Boston’s Museum of Fine Arts has recently come under fire for inviting patrons to “Channel your inner Camille Monet and try on a replica of the kimono she’s wearing in La Japonaise.”

It’s worth taking a moment to look at the image they used to promote the opportunity: A white American woman pretending to be a white French woman pretending to be Japanese. There’s a lot going on there.

After several complaints from Boston’s Asian American community, the MFA has decided to remove the dress up portion of the activity, instead inviting guests to “touch and engage with” the kimonos, but “not to try on.”

I’ve seen this story pop up on my newsfeed the last few days, but it really caught my attention with the morning news announced the change from the MFA.

The (white) news anchors said that the MFA received “a small number of complaints” from a “handful of activists.” They added that the MFA initially responded that it would continue with the demonstrations, but eventually shifted their position after the complaints “went viral.”

The news anchors expressed general confusion as to why anyone was offended by the exhibit, and appeared disheartened that the MFA had changed it’s policy in response what they saw as a small number of protestors. They called it a case of “political correctness going to far.”

That got my attention.

Now. I do appreciate a general concern about the dangers of political correctness. The last thing that serves a productive conversation about race is an atmosphere in which people feel shut down from expressing themselves – where they’d rather say nothing than run the risk of saying the wrong thing. This is the approach that led to the fallacy of a “color blind” society – as if denying our problems would make them go away.

But “political correctness gone to far” is also a conveniently safe out for people who don’t see – or don’t want to see – a problem.

Frankly, when you have a group of Asian Americans saying they find an exhibit of Kimono dress-up offensive, I think you have to stop and try to understand why they feel that way. It doesn’t matter whether you don’t find it offensive – it’s about not thoughtlessly discrediting someone with a different view from you.

Blogger Evan Smith has a great post explaining why the “be Camille Monet” activity is problematic:

The painting in question, a work from 1876, is a singular example of Orientalism, a tradition in Western art that broadly caricatures regions as disparate as North Africa and East Asia with the aim of cultivating a Romantic visual language around Western cultural imperialism. Japonisme, the particular subset of Orientalism that Monet’s canvas depicts, is a loose interpretation of Japanese culture by French aesthetes marked by ornamentation, hyper-femininity and a sense of escapism bordering on pure fantasy. In La Japonaise the artificiality of the genre is underscored by the blonde wig Camille donned when posing for the painting in order to emphasize her whiteness, contrasting her body to the Otherness of her garments and surroundings.

That’s not to say we need to dismiss the artwork all together, but neither should we celebrate the Orientalism it embodies.

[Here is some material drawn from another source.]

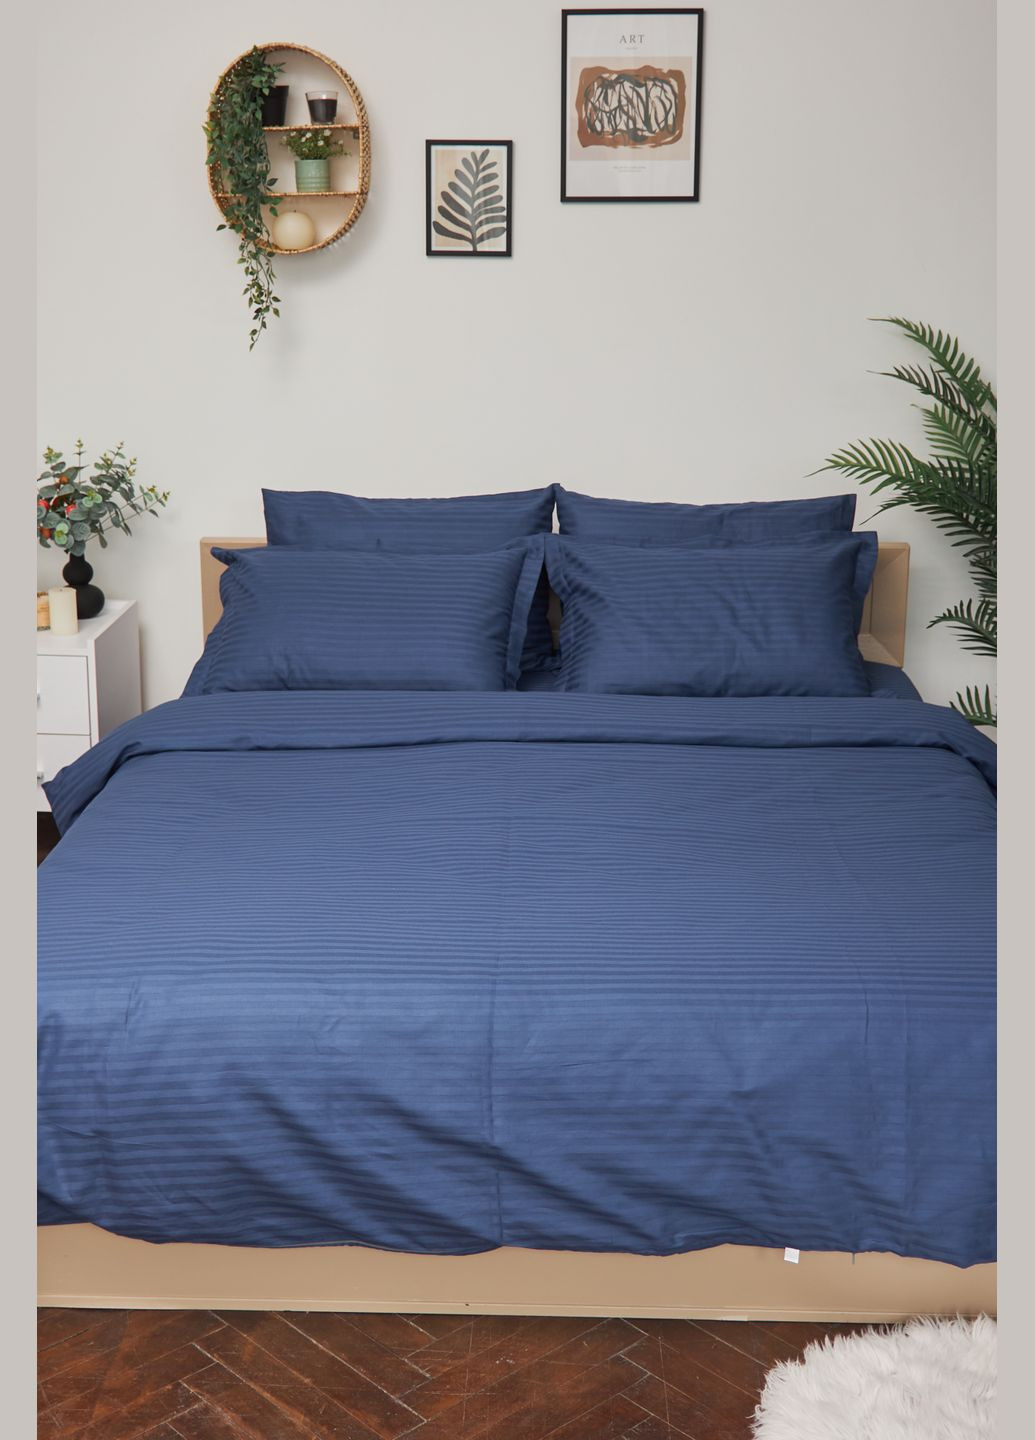 Комплект постельного белья евро 200х220 наволочки 2х40х60 Satin Stripe (MS-820000500) Moon&Star delfi blue (284416655)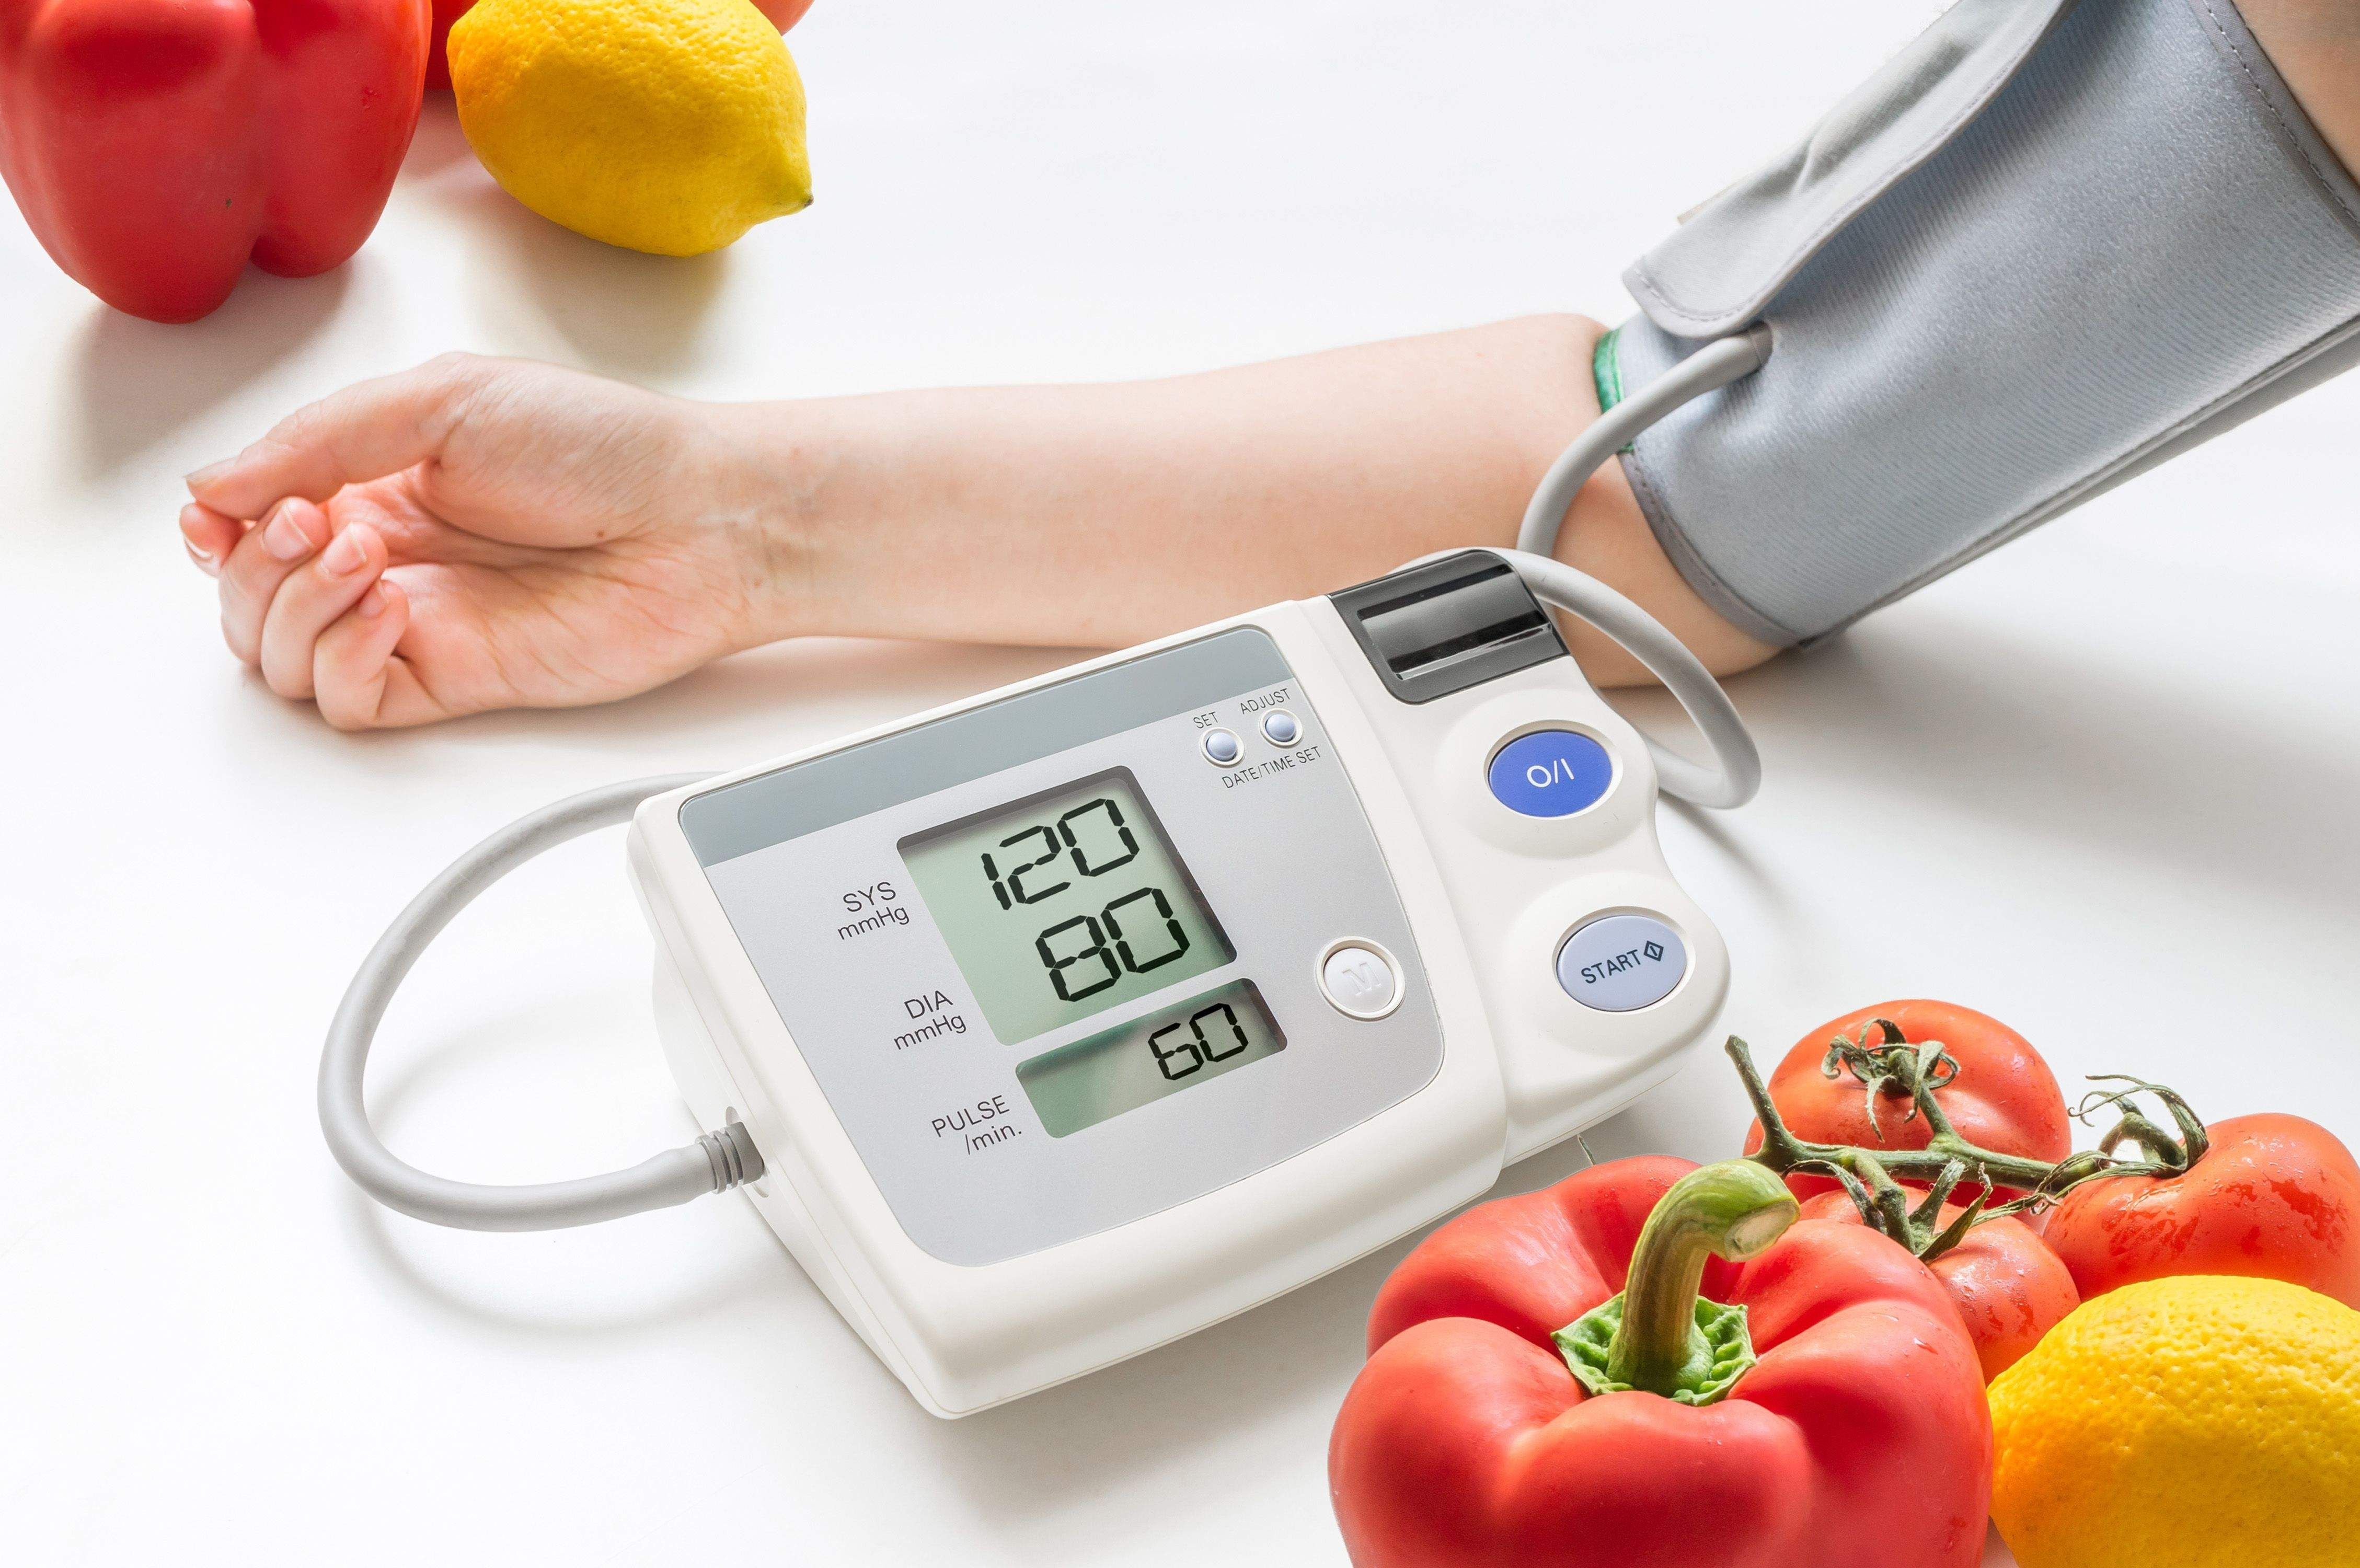 فشار خون طبیعی چقدر است؟

The painting took place less than 30 years after Commodore Perry’s “opening of Japan.” It was a time when Europeans were fascinated by the “topsy turvey” world of Japanese culture – seen as both civilized and barbaric.

In fairness, the Japanese were equally intrigued by European culture – seen as both civilized and barbaric. And there is some great Japanese art that depicts the ape-ishness of Europeans, just as European art captured the beauty and brutality they saw in Japan.

Orientalism was an important movement in European culture, and it seems reasonable that Western society should study it, seek to understand it, and possibly even celebrate the art that came out of it.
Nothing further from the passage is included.